Your head in flexion, particularly if you can touch your chest with your chin, is a SERIOUS NO NO! It has to be avoided at all costs. No wonder it accelerates your symptoms, this is when the brainstem is pinched the tightest and it can cause neurogenic shock, so don’t allow it happen. I cannot stress this point strongly enough.
If I can suggest an explanation for the sudden migraines, when your head is in this chin to chest position, remember that the area which is being compressed is also the passageway where the cerebrospinal fluid circulates between your head and your spine. In your case, this space is already seriously crowded with brainstem and hind-brain tissue so, if you compress this area, the fluid is displaced, the flow stops and the pressure will build up inside your head.
This can cause head pain, possible eye pain, dizziness and I believe it could induce or worsen tinnitus, you might begin to hear blood wooshing in your head as your circulatory system starts to struggle against the raised pressure. The subtle brain compression could cause nausea, tingling, numbness and eventual paralysis, if not corrected. I know because I experienced this many many times.
Sorry for the small novel!
P.S. The C2 peg-like bone, if it bends backwards is called a ‘retroflexed odontoid’.January 20, 2013 at 12:30 pm #3364
Not at all,
I appreciate the time you are giving explaining this.

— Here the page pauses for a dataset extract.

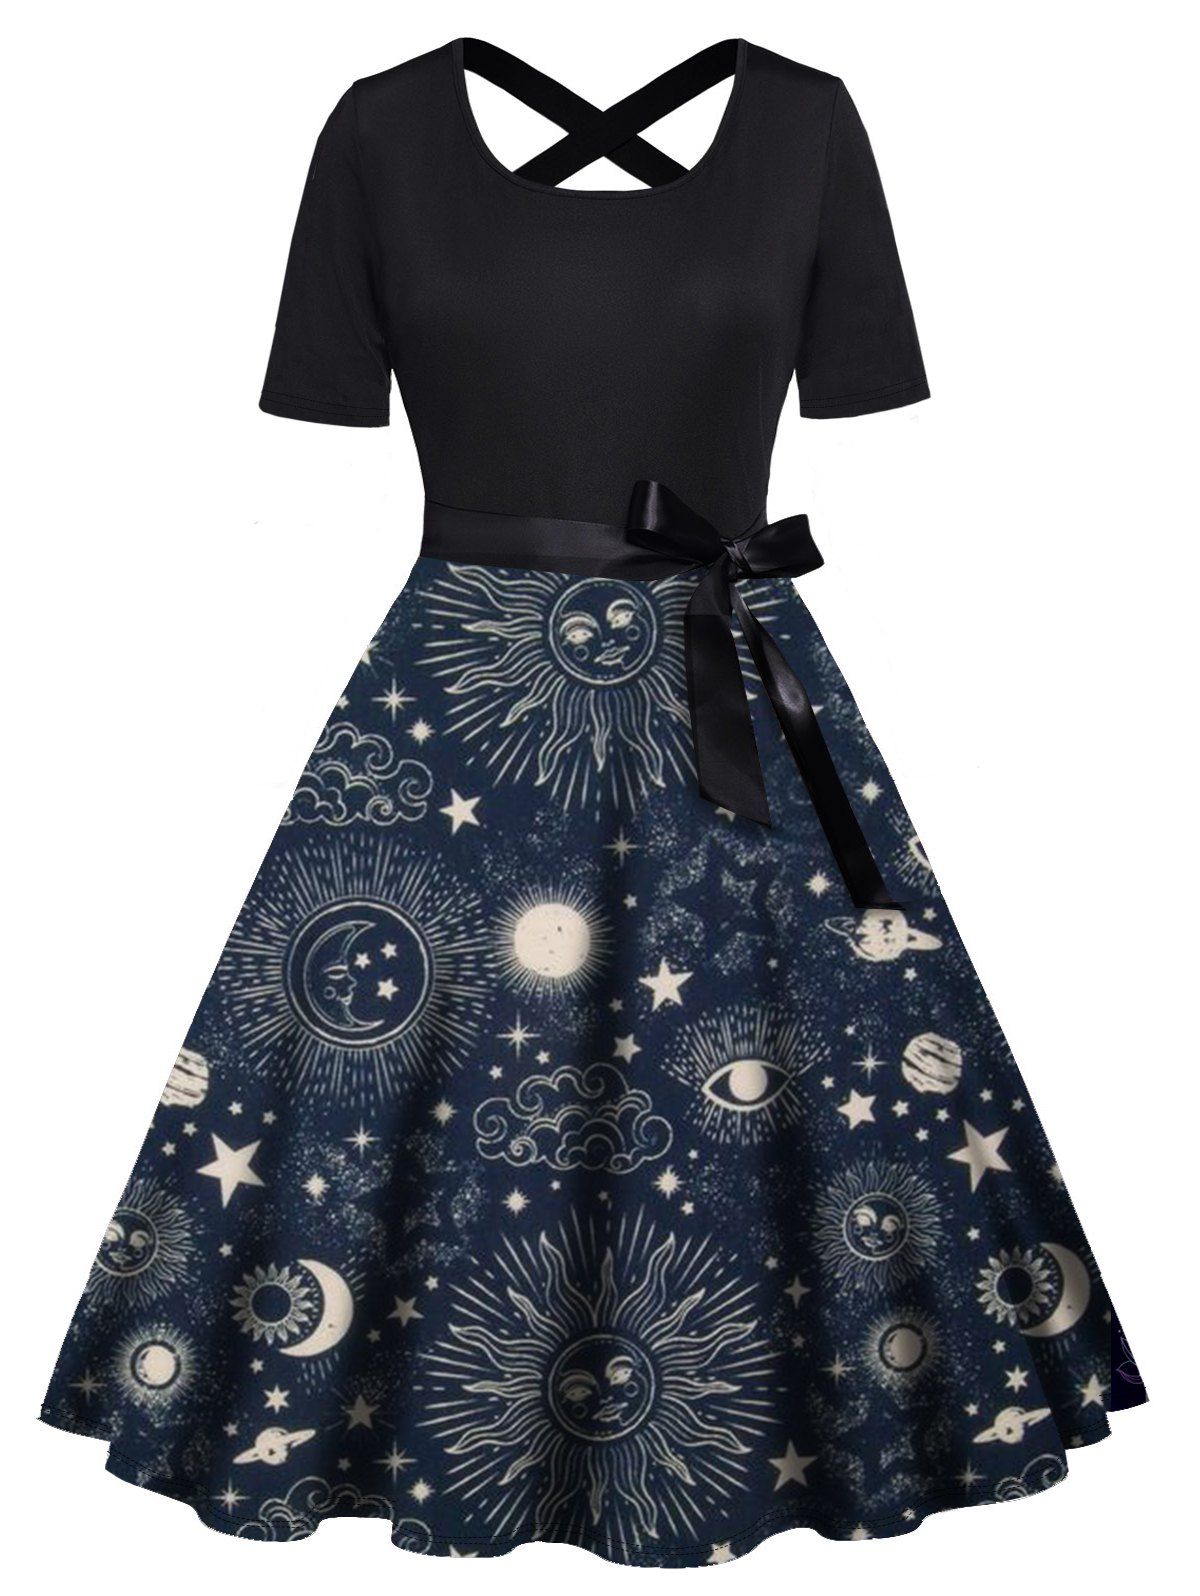 Plus Size Dress Sun Moon Star Planet Print Bowknot Belted Crossover Back High Waisted A Line Midi Dress - DEEP BLUE 2X
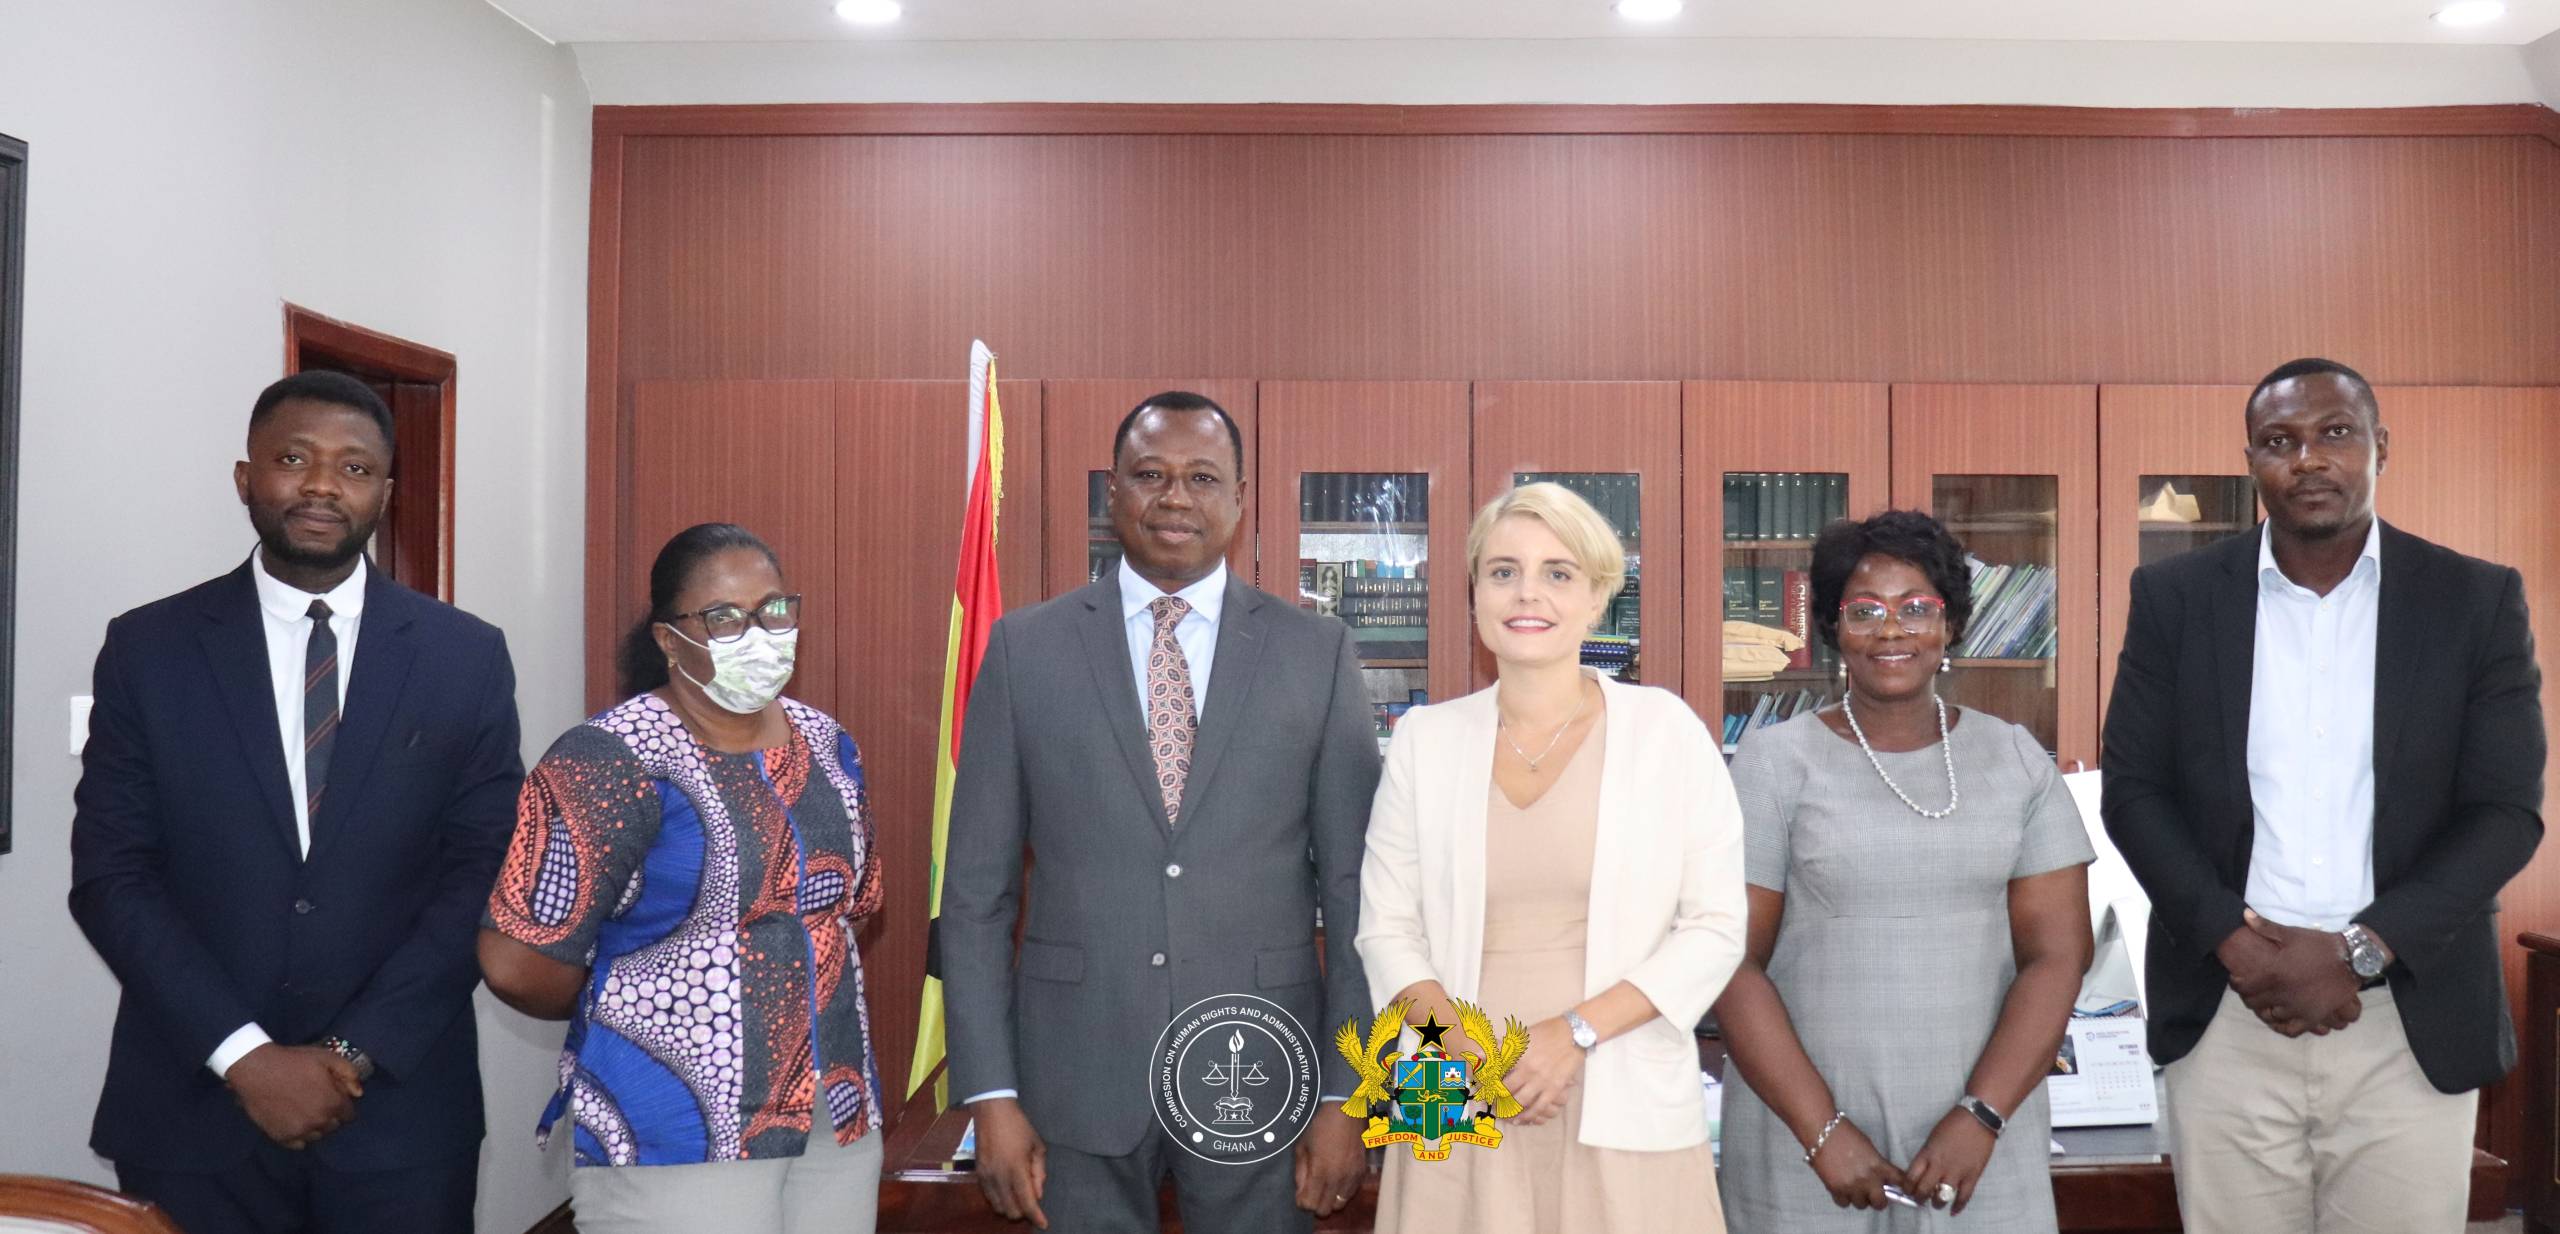 CHRAJ AND THE EMBASSY OF SWITZERLAND COLLABORATE TO PROMOTE HUMAN RIGHTS IN GHANA

The more i have read up on this at the weekend, the more i think this is whats going on with me. Especially now you have mentioned Chiari 0. I was surprised when they said i didnt have any signs of it because i had so many features, the whole reason they sent me to an ENT Dr before a nuero was because head and eye movement was the first and most prominant part to my problmes. I was house bound at that point as just couldnt move my eyes and head around!!They gave me some vestibular exercises which even my nuero said not to do, thank goodness, they would have made things worse with CCI! Obviuosly if they cant find inner ear trouble, obviOUs Chiair, it goes on to migraine. Theres you answer be happy with it!
Thats incredible about how Nueros were recruited from PSychiatrists here, quite funny as Amitriptyline was the very first drug they put me on around 6 years ago when they couldt find a thing wrong with me (missing the pots and eds totally) I am still on it to this day but have got it down to 10mg a day so it doesnt interfer with the pots. I dont really know if it helps any of my pain conditions anymore, i am a bit scared to totally come off it incase it was doing something.
I can imagine some of the reactions that you got from Drs just asking for your scans to study…… What was there reation when you told them all the thnigs they had spotted?
My collar should be here this week so i am very keen to see the out come!!
Thank you again for the explinantions of what could possibly be happening with me.
Kind regardJanuary 20, 2013 at 9:10 pm #3366
Some of my problem was caused by ‘Peripheral Vestibula Dysfunction’, for which they gave me some ‘Cawthorne Cooksey’ excercises. I persevered with what I could do but it didn’t get rid of the problem altogether as I still loose my balance, when I do stand up.
I never asked the dr’s for my scans and x-rays, I approached the medical records department of each hospital involved and asked for them. In this country (UK) everyone is entitled to a copy of their own records (at a fee of course) I think I paid £50 per hospital/GP but, due to many fruitless and uneccessary appointments, I had acquired a lot of records!